The sight of the abdominal wall being vacuumed into the dome is unfamiliar to new users and some expressed concerns for skin bruising, although no evidence of superficial barotrauma was noted in our experience. Our experience also revealed that new users are likely not to insert the Veress needle deeply enough in the LapCap to enter the peritoneal cavity, as these lengths seemed excessive to practitioners accustomed to inserting the needle directly into the elevated abdominal wall. New users also tended to remove the device when the opening pressure was above 10 mmHg, even though our data show that it is likely they had achieved proper placement. New users were also unaccustomed to insertion of the Veress needle without a prior skin incision, necessitating the third click as an auscultatory adaptation for practitioners who usually seek only two.
New users generally responded positively to their experience with the LapCap. Skilled laparoscopists, especially in teaching institutions, had an increased level of comfort associated with the sense of controlled entry which the LapCap creates. Less-seasoned laparoscopists appreciated the fact that the device makes the creation of pneumoperitoneum practically “automatic”.

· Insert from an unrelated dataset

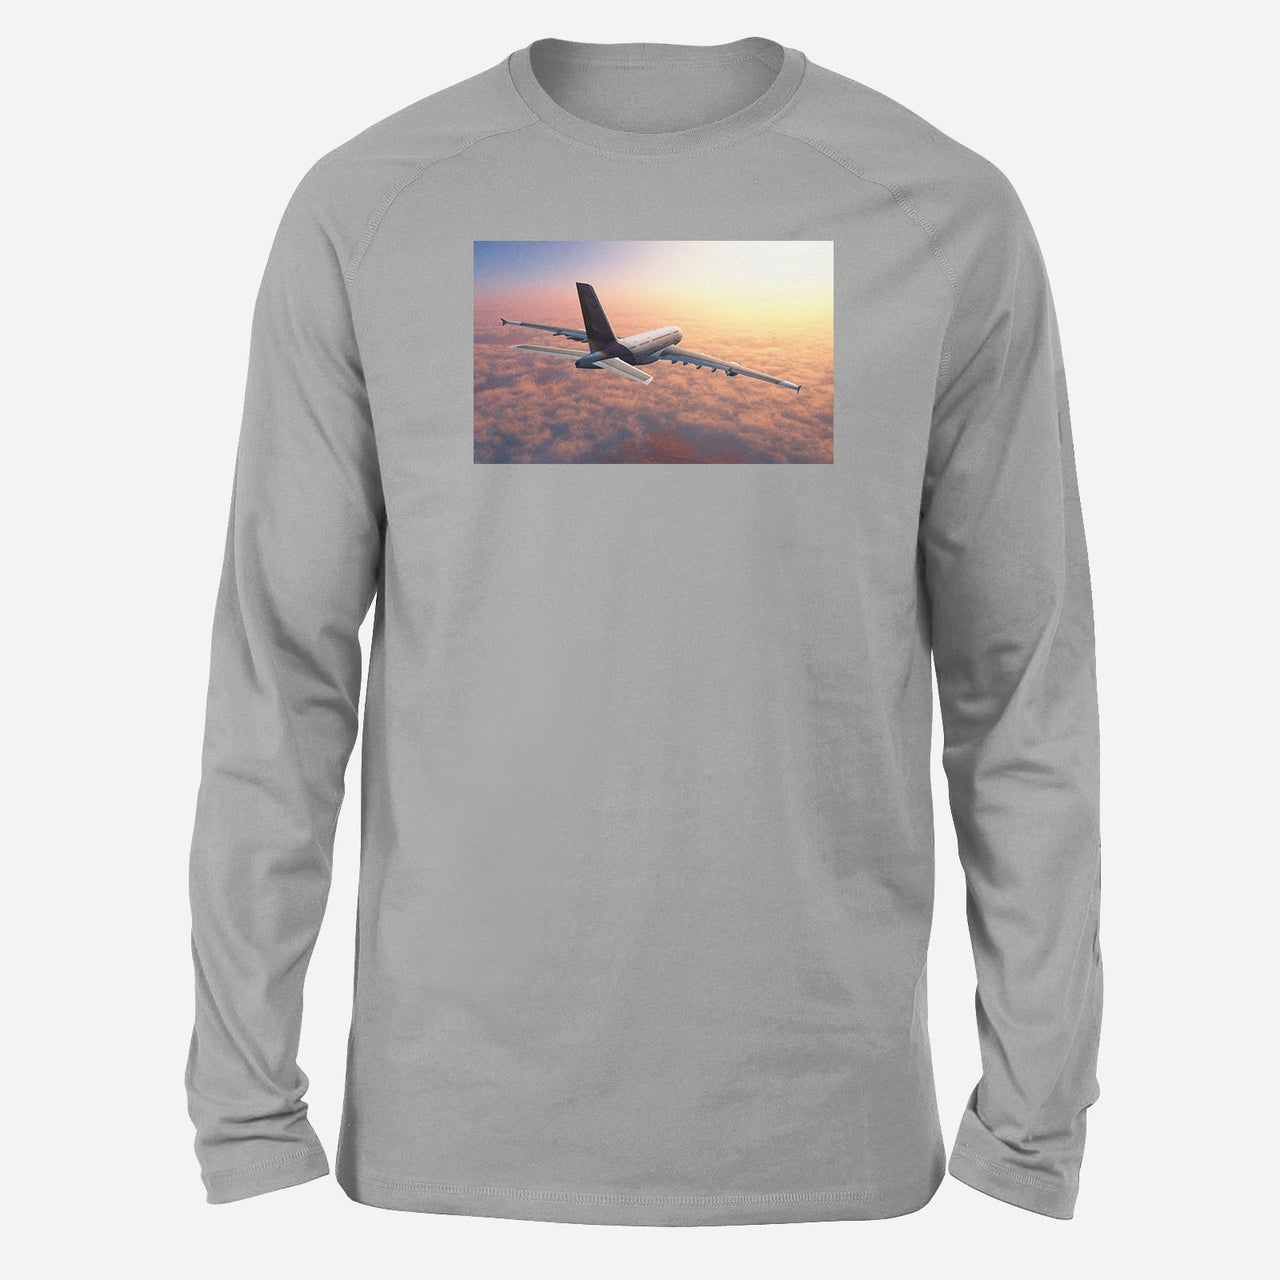 Super Cruising Airbus A380 over Clouds Designed Long-Sleeve T-Shirts

It is likely that new users will have to change their expectations, modeled on techniques developed prior to the advent of the LapCap, and adapt their practice to meet the parameters we have found to be associated with successful use of the device. We expect surgeons familiar with the device will reach a rate close to 100% for successful entry at first attempt even on difficult cases as we did. In order to maximize success, we believe that surgeons should learn this technique from other practitioners who are experienced using the LapCap.
The LapCap is a simple device which has allowed our team to create pneumoperitoneum with ease and predictability even on obese patients or those with multiple prior surgeries. It is, in our opinion, a novel technology which has the potential to decrease and may eliminate the risk of retroperitoneal injury associated with the use of Veress needle. As it has the potential to avoid rare but truly disastrous complications, it deserves to be further evaluated and tested.
We believe that although experienced endoscopists may feel they don’t need this instrument (as we did), they should consider learning how to use it. They may find it especially useful in teaching safe abdominal entry to the novice in laparoscopic surgery and enjoy the comfort of knowing they have done their best to maximize the patient’s safety.